Generative and Embedding Unity is Mutually Beneficial: DeepRTL2 achieves open-source SOTA on generative tasks (surpassing CodeV and the original DeepRTL) while significantly outperforming general-purpose embedding models on embedding tasks.
Domain-Specific Embeddings Greatly Outperform General Models: On the code search task, the F1 score of DeepRTL2 (0.476) is 64% higher than that of OpenAI's text-embedding-3-large (0.290).
CoT-Annotated Student Surpasses the Teacher: In code understanding tasks, DeepRTL2 outperforms GPT-4o (the source of its annotation data), due to the use of more granular CoT annotations in the training data.
Contributions of Curriculum Learning and Data Diversity: The drastic improvement from the base model to DeepRTL2 validates the effectiveness of the data construction and training strategies.

Highlights & Insights¶

Pioneering Nature: It is the first model to unify RTL generation and embedding tasks, addressing a critical gap in embedding tasks within the EDA domain.
Emphasis on Data Engineering: The feedback-driven CoT strategy for generating equivalent/non-equivalent code pairs is an elegant design, utilizing Yosys as an in-the-loop verifier to ensure data quality.
Practical Value: Natural language search accelerates code reuse, equivalence checking reduces verification overhead, and performance prediction guides early-stage optimization—these three tasks directly address core pain points in hardware design.
Surpassing the Annotator: The CoT-enhanced training data allows the model to outperform GPT-4o on understanding tasks, a notable instance of the "student surpassing the teacher".

Limitations & Future Work¶

Support is limited to the Verilog language, excluding other HDLs such as VHDL or SystemVerilog.
Potential overlap may exist between the generation benchmarks and the training data of OpenAI models, making fair evaluation a challenge.
The AP for functional equivalence checking is only 0.667, whereas practical deployment demands higher precision.
Performance prediction only estimates area and delay, neglecting power metrics (which require workload information).
Deployment efficiency may be constrained by embedding dimensions and model size.

DeepRTL (Liu et al., 2025): The predecessor to this work, which only handled generative tasks.

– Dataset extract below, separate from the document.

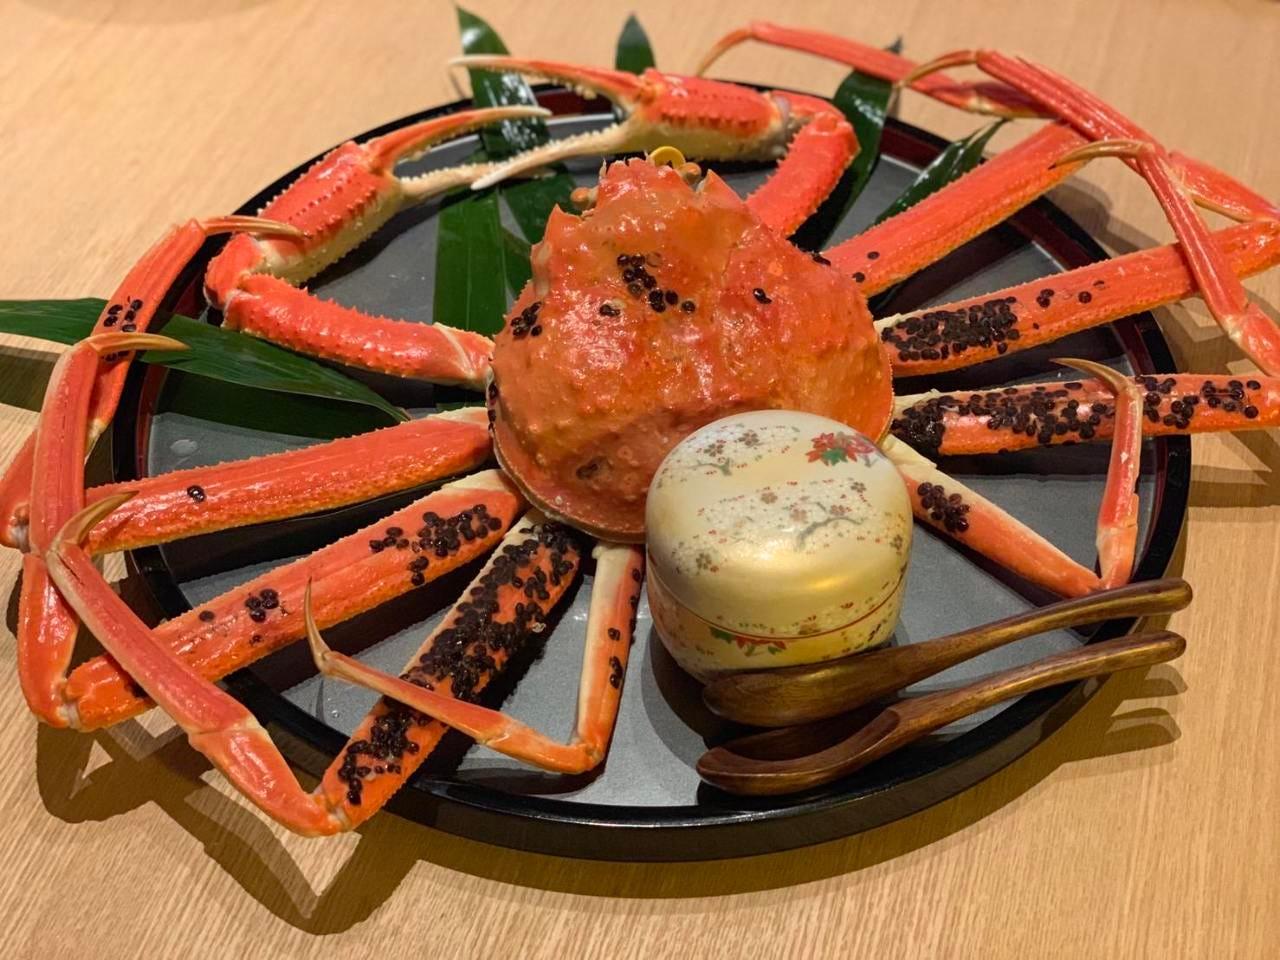 【秋の極上カニ】黄金ガニ(お1人様半身)+ 福井の味覚食べ尽くしコース 15,400円

DeepRTL2 expands this to the embedding domain.
GRIT (Muennighoff et al., 2025): A training strategy unifying generative and representation learning, adapted in this paper from general NLP to the RTL domain.
CodeV (Zhao et al., 2024): A competing model for RTL code generation, which DeepRTL2 outperforms on most metrics.
Key Difference Between RTL and General Code Generation: Verilog possesses more structured semantics, enabling automated functional verification using EDA tools.

Rating¶

Novelty: 8/10 — The first model to unify RTL generation and embedding, with benchmark construction for embedding tasks serving as an additional contribution.
Experimental Thoroughness: 8/10 — Covers five major tasks, multiple baselines, and diverse evaluation metrics, though it lacks ablation studies on the specific training strategies.
Writing Quality: 7/10 — Structured clearly but highly dense; certain details require referencing the appendix.
Value: 8/10 — Directly advances the EDA domain, providing a unified framework for RTL-related AI applications.